Assertion criteria Genetic Evidence (0-12 points) Experimental Evidence
(0-6 points)
Total Points
(0-18)
Replication Over Time (Y/N)
Description Case-level, family segregation, or case-control data that support the gene-disease association Gene-level experimental evidence that support the gene-disease association Sum of Genetic & Experimental
Evidence
> 2 pubs w/ convincing evidence over time (>3 yrs)
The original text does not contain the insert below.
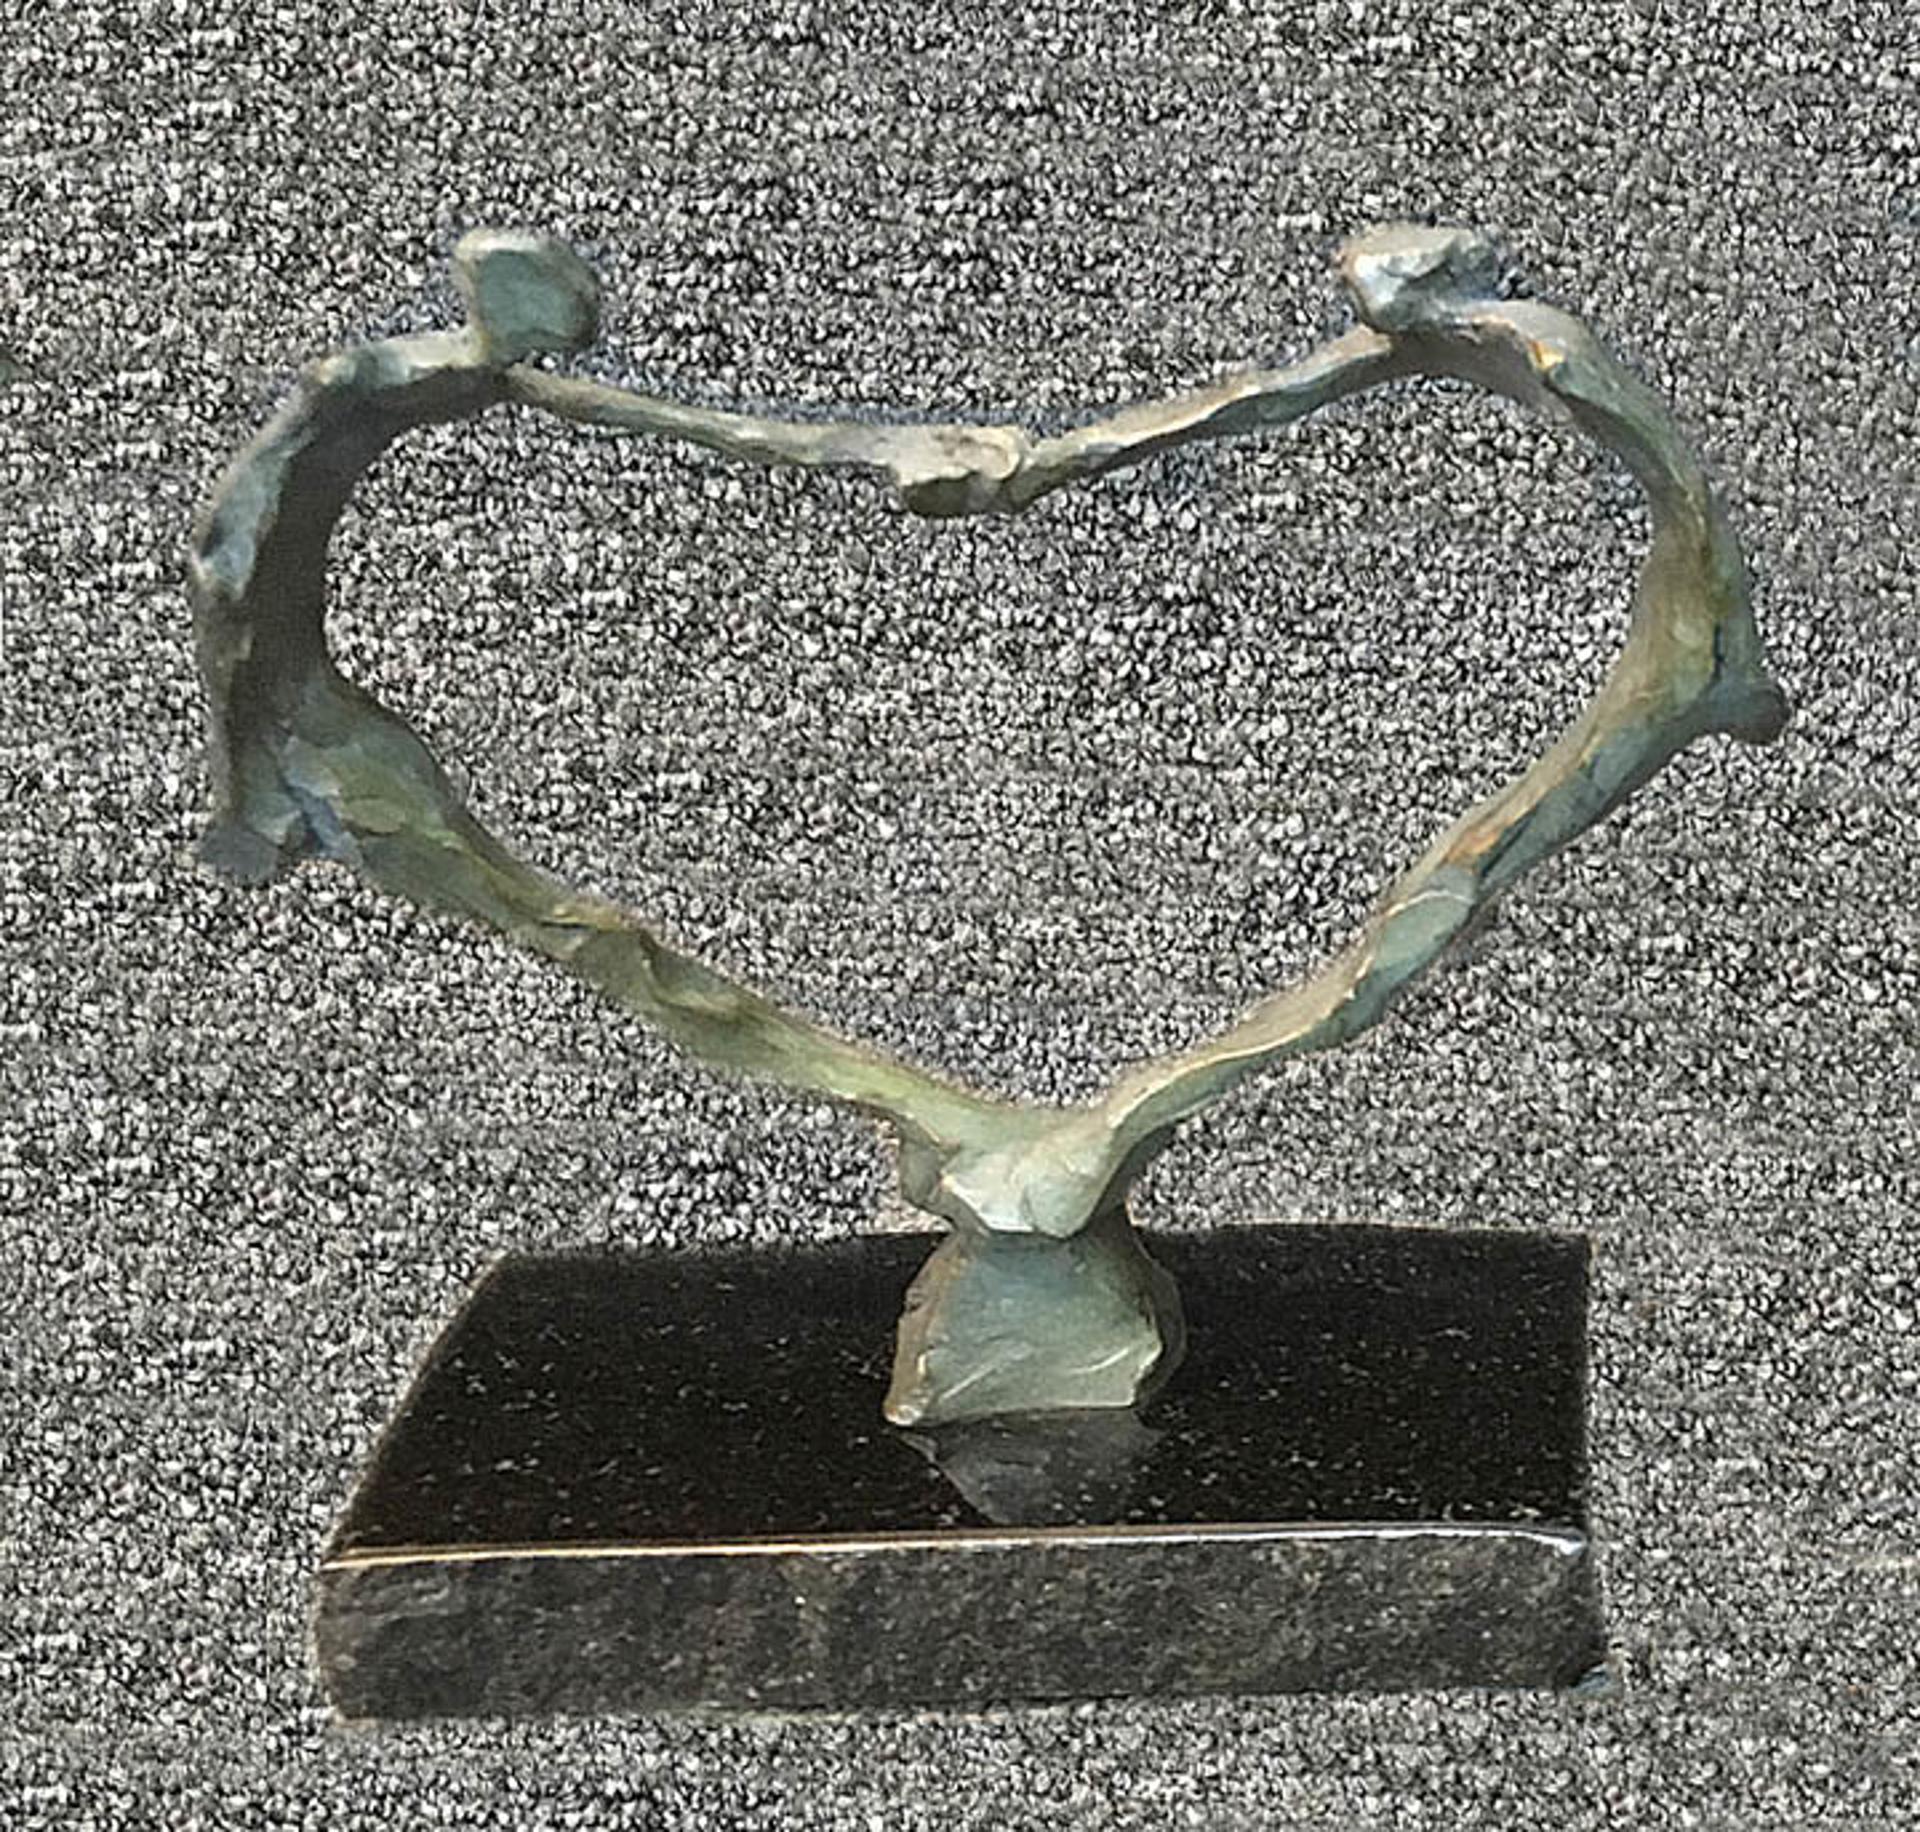 My Heart is in Your Hands by Jane DeDecker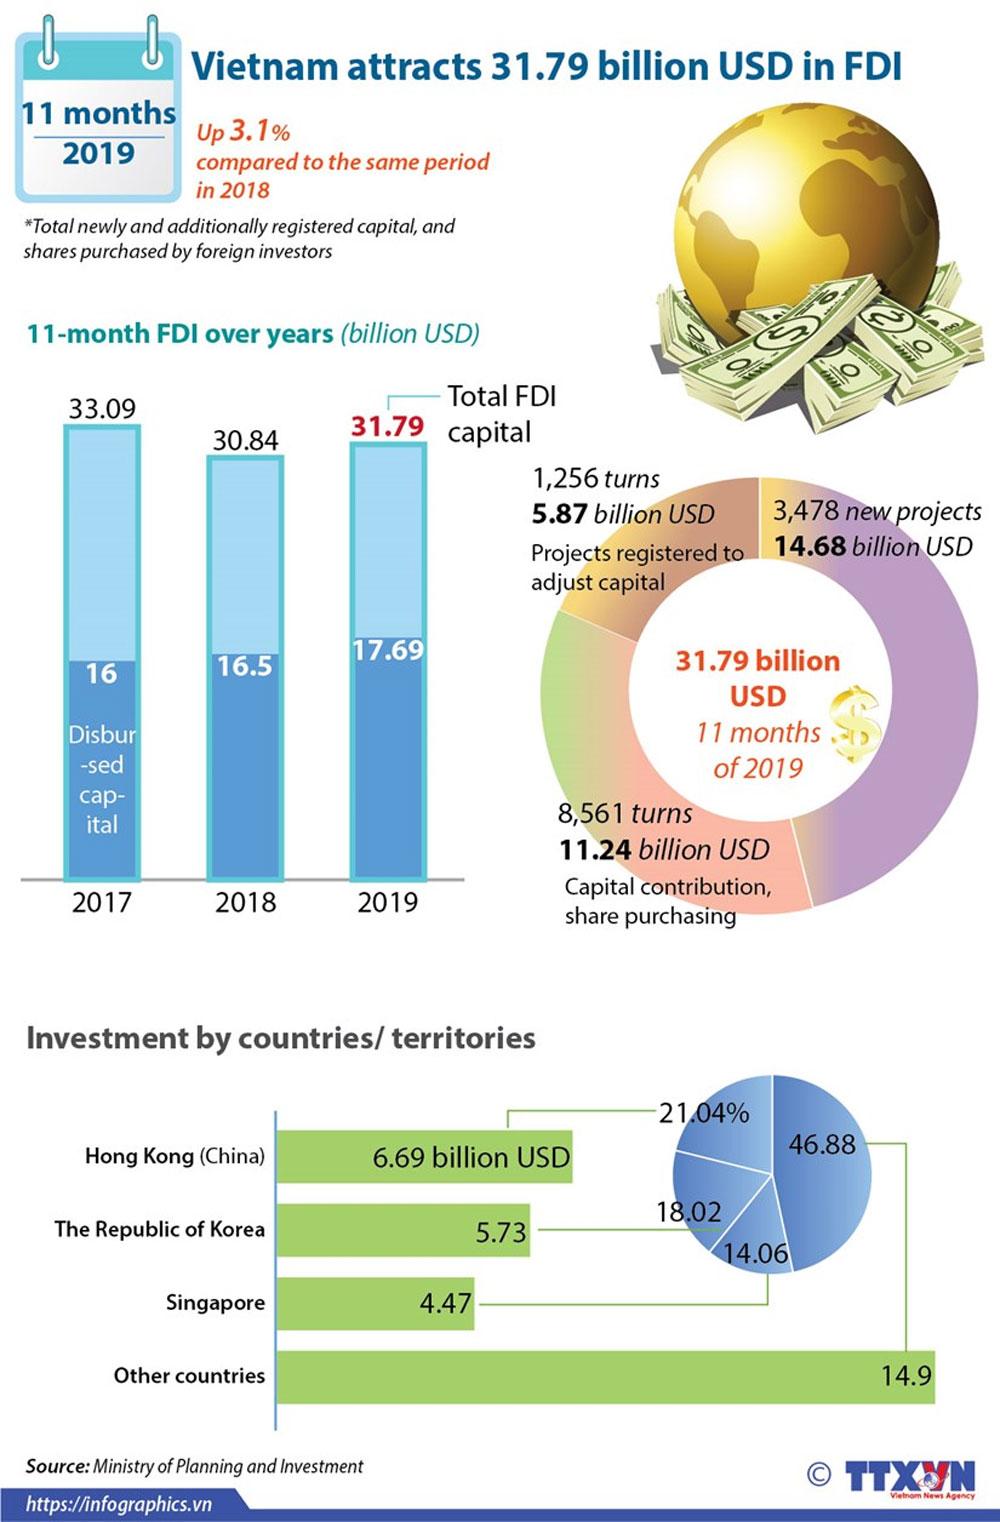 Vietnam, FDI, foreign direct investment, economic development

Assigned Points 12 2.5 14.5 YES
CALCULATED CLASSIFICATION LIMITED 1-6
MODERATE 7-11
STRONG 12-18
DEFINITIVE 12-18 AND replication over time
Valid contradictory evidence (Y/N)*
NO
CALCULATED CLASSIFICATION (DATE)
Definitive
05/10/2019
EXPERT CURATION (DATE)
Definitive
05/24/2019
EVIDENCE SUMMARY
PHGHD was first reported in relation to autosomal recessive neurometabolic disorder due to serine deficiency in 2000 (Klomp LW, et al., PMID: 11055895; reported 3-phosphoglycerate dehydrogenase deficiency). At least 20 unique variants (missense and small indels) have been reported in humans. Evidence supporting this gene-disease relationship includes case-level data and experimental data. Variants in this gene have been reported in at least 13 probands in 8 publications (PMIDs: 19235232, 24836451, 28440900, 22393170, 25913727, 11055895, 28135894, 25152457). Variants in this gene segregated with disease in 3 additional family members. More evidence is available in the literature, but the maximum score for genetic evidence (12 pts.) has been reached. This gene-disease association is supported by the biochemical function of PHGDH as the 3-phosphoglycerate dehydrogenase and a knockout mouse model. Of note, this gene has also been implicated in two neurometabolic disorders due to serine deficiency, 3-phosphoglycerate dehydrogenase deficiency and Neu-Laxova syndrome. Per criteria outlined by the ClinGen Lumping and Splitting Working Group, we found no reported difference in molecular mechanisms or inheritance pattern and current assertions in the field suggest one broad phenotypic spectrum associated with serine biosynthesis defects encompassing both disorders (PMIDs: 28653176, 27161889, 26960553, 25152457). Therefore, all of the disease entities have been lumped into one disease entity, neurometabolic disorder due to serine deficiency. In summary, PHGDH is definitively associated with autosomal recessive neurometabolic disorder due to serine deficiency. This has been repeatedly demonstrated in both the research and clinical diagnostic settings, and has been upheld over time.